第一百二十五章冬藏 (第3/3页)
狼的事?
范蠡沉默片刻,摇摇头:“先不说。等她自己回来。”
阿哑点头,消失在夜色中。
十一月二十,大雪。
第二场雪比第一场大得多,纷纷扬扬下了一整天。到黄昏时,积雪已有半尺厚,把整个陶邑都埋进了白色里。
范蠡站在书房的窗前,看着这场雪。
院子里那棵枣树,枝条被雪压弯了,垂得很低。大黄在雪地里踩出一串梅花印,又跑回廊下,抖着身上的雪。
西施端了热汤进来,放在案上。
“范郎,喝点汤暖暖身子。”
范蠡接过汤,慢慢喝着。
西施站在他身边,也望着窗外的雪。
“范郎,你说姜姑娘那边,也下雪吗?”
“海上应该更冷。”范蠡道,“但她说冬岛有温泉,应该还好。”
西施点点头,不再问了。
过了一会儿,她忽然说:“范郎,我想给姜姑娘做件冬衣。”
范蠡一怔。
“她在海上漂了这么久,肯定缺衣裳。”西施道,“我手巧,做的衣裳暖和。等她回来,正好穿。”
范蠡看着她,心中涌起一股暖意。
“好。”他说,“多做几件。我也做一件。”
西施笑了。
窗外的雪,还在下。
十一月二十五,雪后初晴。
范蠡带着范平,在院子里堆雪人。
这次不是堆一个,是堆三个——一个高的,一个矮的,还有一个更矮的。高的是爹,矮的是娘,更矮的是范平。
范平高兴坏了,跑来跑去,给雪人安眼睛、安鼻子、安嘴巴。安完了,他站在三个雪人前面,左看右看,不满意,又跑去折了一根枯枝,插在“娘”的手里,说那是扫帚。
西施在廊下看着他们,笑得眼睛弯弯的。
大黄蹲在她脚边,也看着那三个雪人,偶尔喵一声。
范蠡蹲在雪地里,看着儿子忙碌,心中涌起一股久违的平静。
六日血战,两千多条人命,无数个不眠之夜——都过去了。
至少此刻,此刻是安宁的。
“爹,”范平跑过来,拉着他的手,“你看,好不好?”
范蠡看着那三个歪歪扭扭的雪人,点点头:“好。真好。”
范平高兴地笑了。
西施走过来,握住范蠡的手。
两人站在雪地里,看着那个小小的雪人一家。
“范郎,”西施轻声道,“年后去郢都,带上范平吧。”
范蠡转头看她。
“他大了,该见见世面。”西施道,“再说,杜衡是他表哥,也该让他们见见。”
范蠡沉默片刻,点点头:“好。一起去。”
西施笑了。
夕阳西下,把雪地染成金色。
那三个雪人,静静地立在院子里,像在守护这个小小的家。
夜里,范蠡独坐书房。
案上摊着纸笔,他正在写信。
给杜衡的:
“衡儿:
下雪了。陶邑的雪很大,积了半尺厚。范平在院子里堆雪人,堆了一个爹、一个娘、一个他自己。歪歪扭扭的,很好笑。
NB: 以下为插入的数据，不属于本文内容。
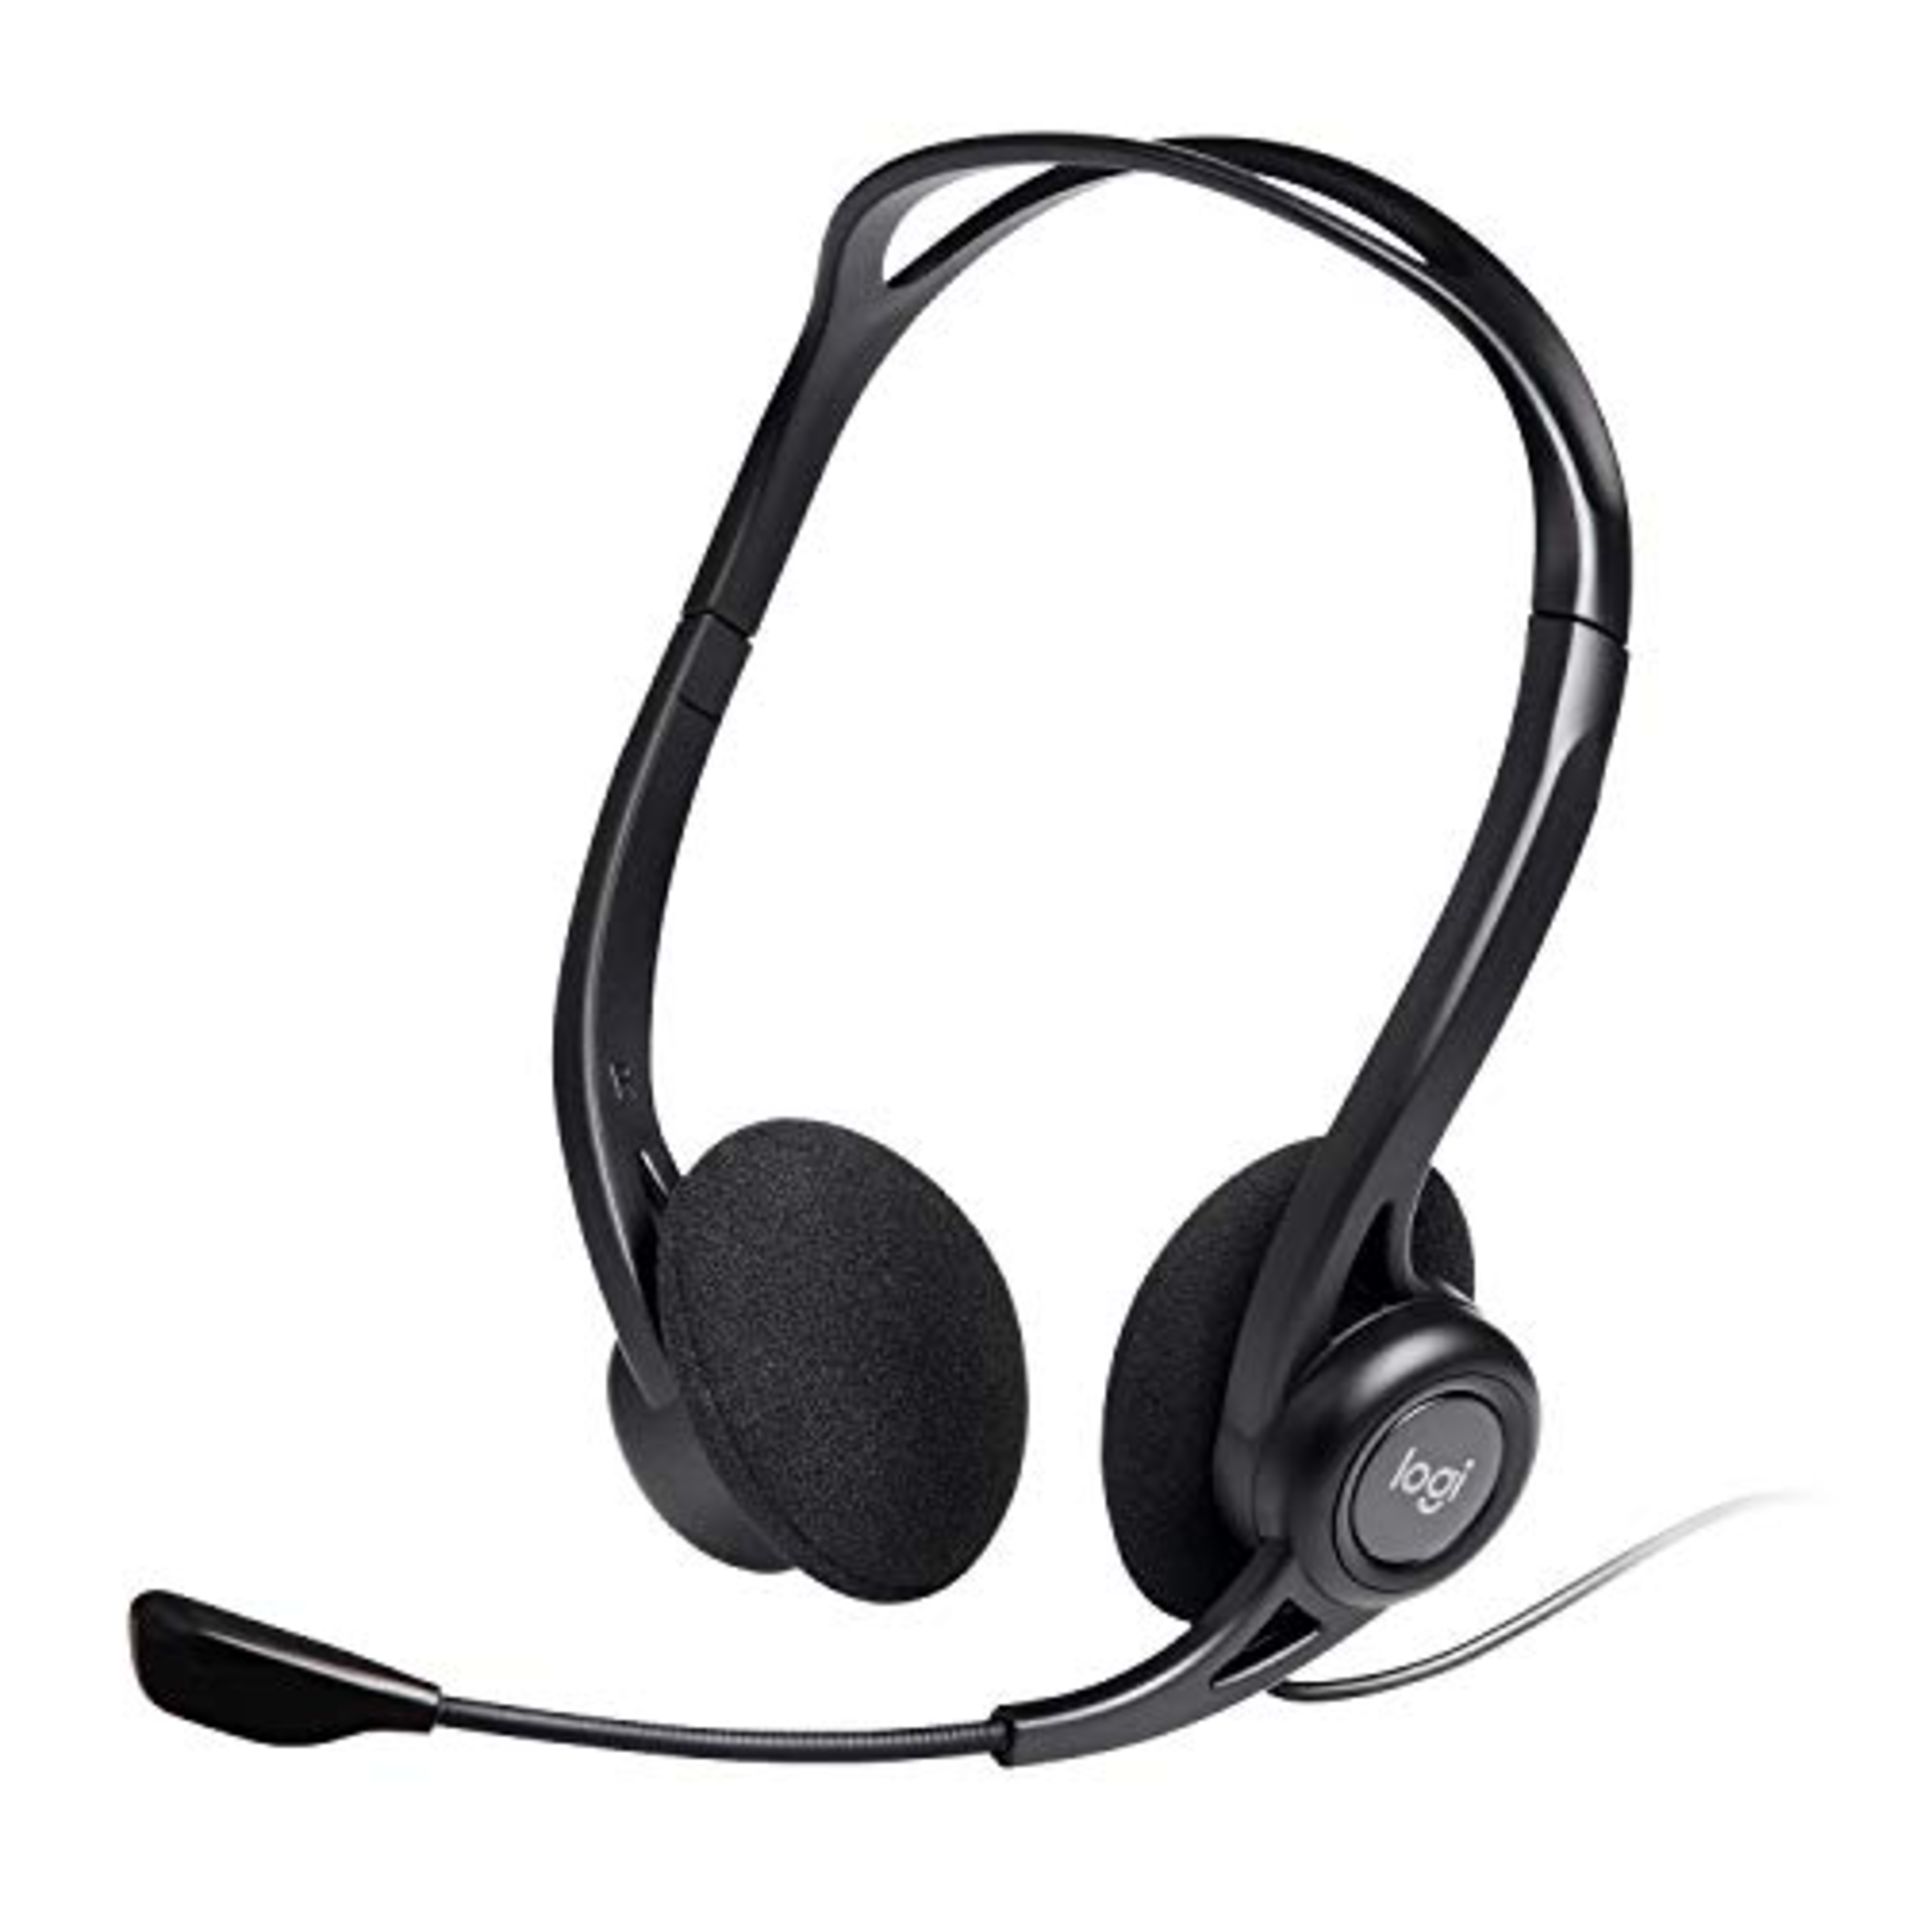 Logitech 960 Headphones, Stereo Headset, Adjustable Microphone with Noise Cancellation
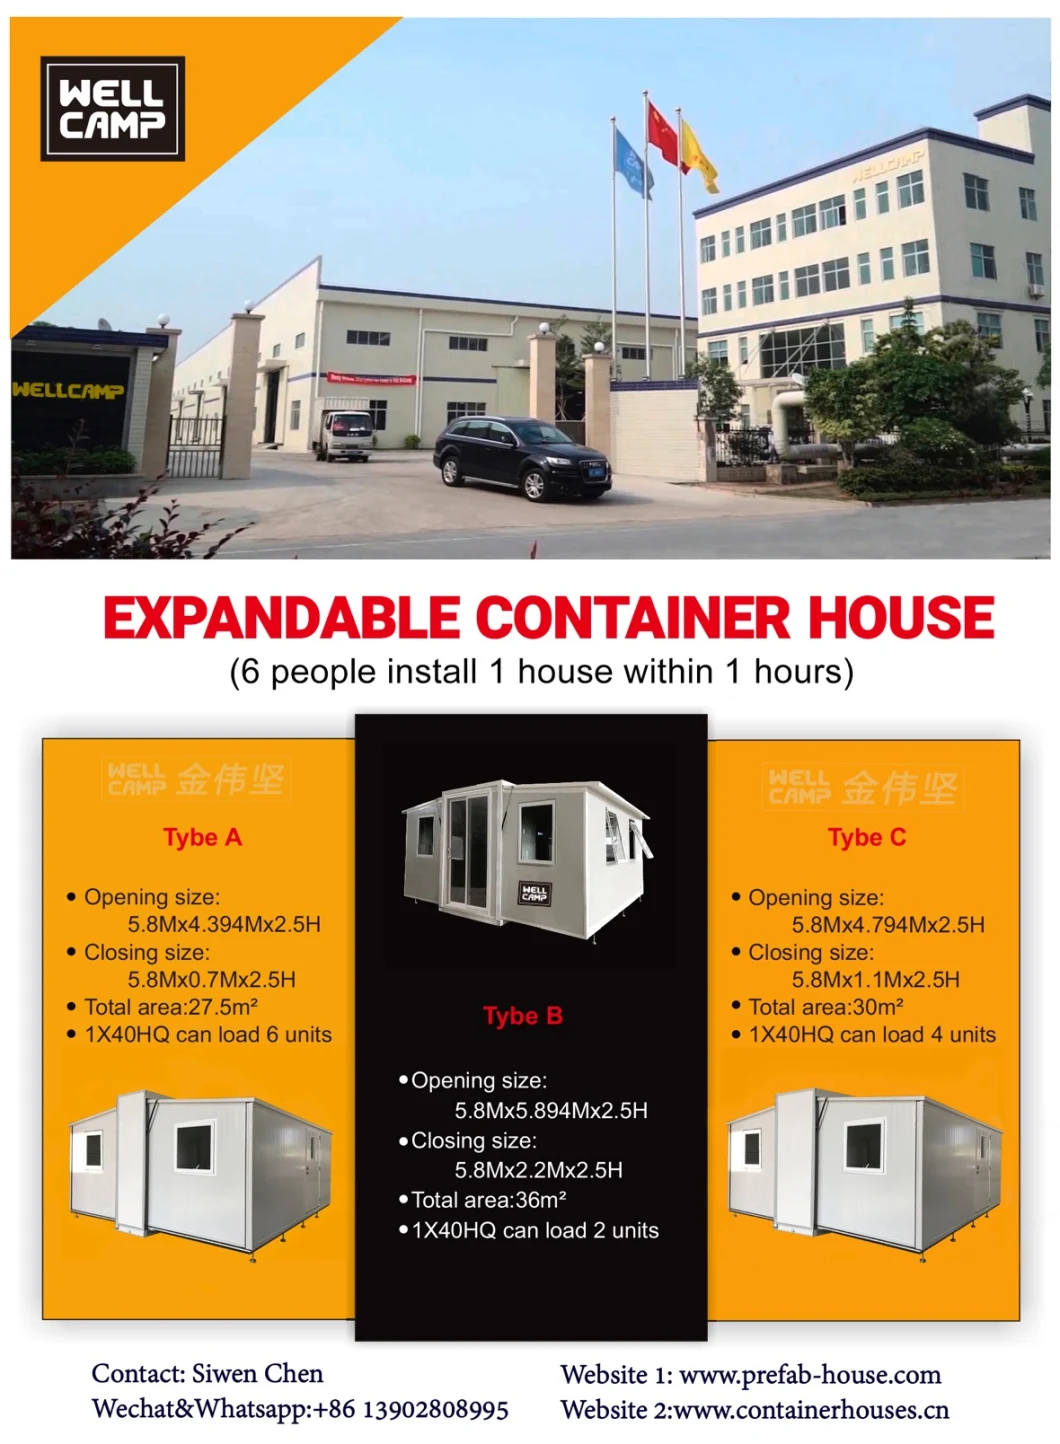 Hot Sell Prefabricated Modular Flat Pack Tiny Portable Mobile Readymade Assemble Modified Container Cabin/Office/House

年后,舅舅去郢都看你。带上范平,还有你姑母——就是舅舅的妻子,你应该叫舅母。
我们一家,终于要团圆了。
等着舅舅。
舅舅”
写完信,封好,他走到窗前。
月光照在雪地上,亮得刺眼。
那三个雪人,还在院子里站着。
爹,娘,孩子。
一家三口。
范蠡看着它们,嘴角浮起一丝笑意。
窗外的雪,已经停了。
但月亮很圆,很亮。
照在这座劫后余生的城上。
照在那个小小的院子里。
照在那三个歪歪扭扭的雪人身上。
照在千里之外,那个等着舅舅去看他的少年身上。
新的一年,快来了。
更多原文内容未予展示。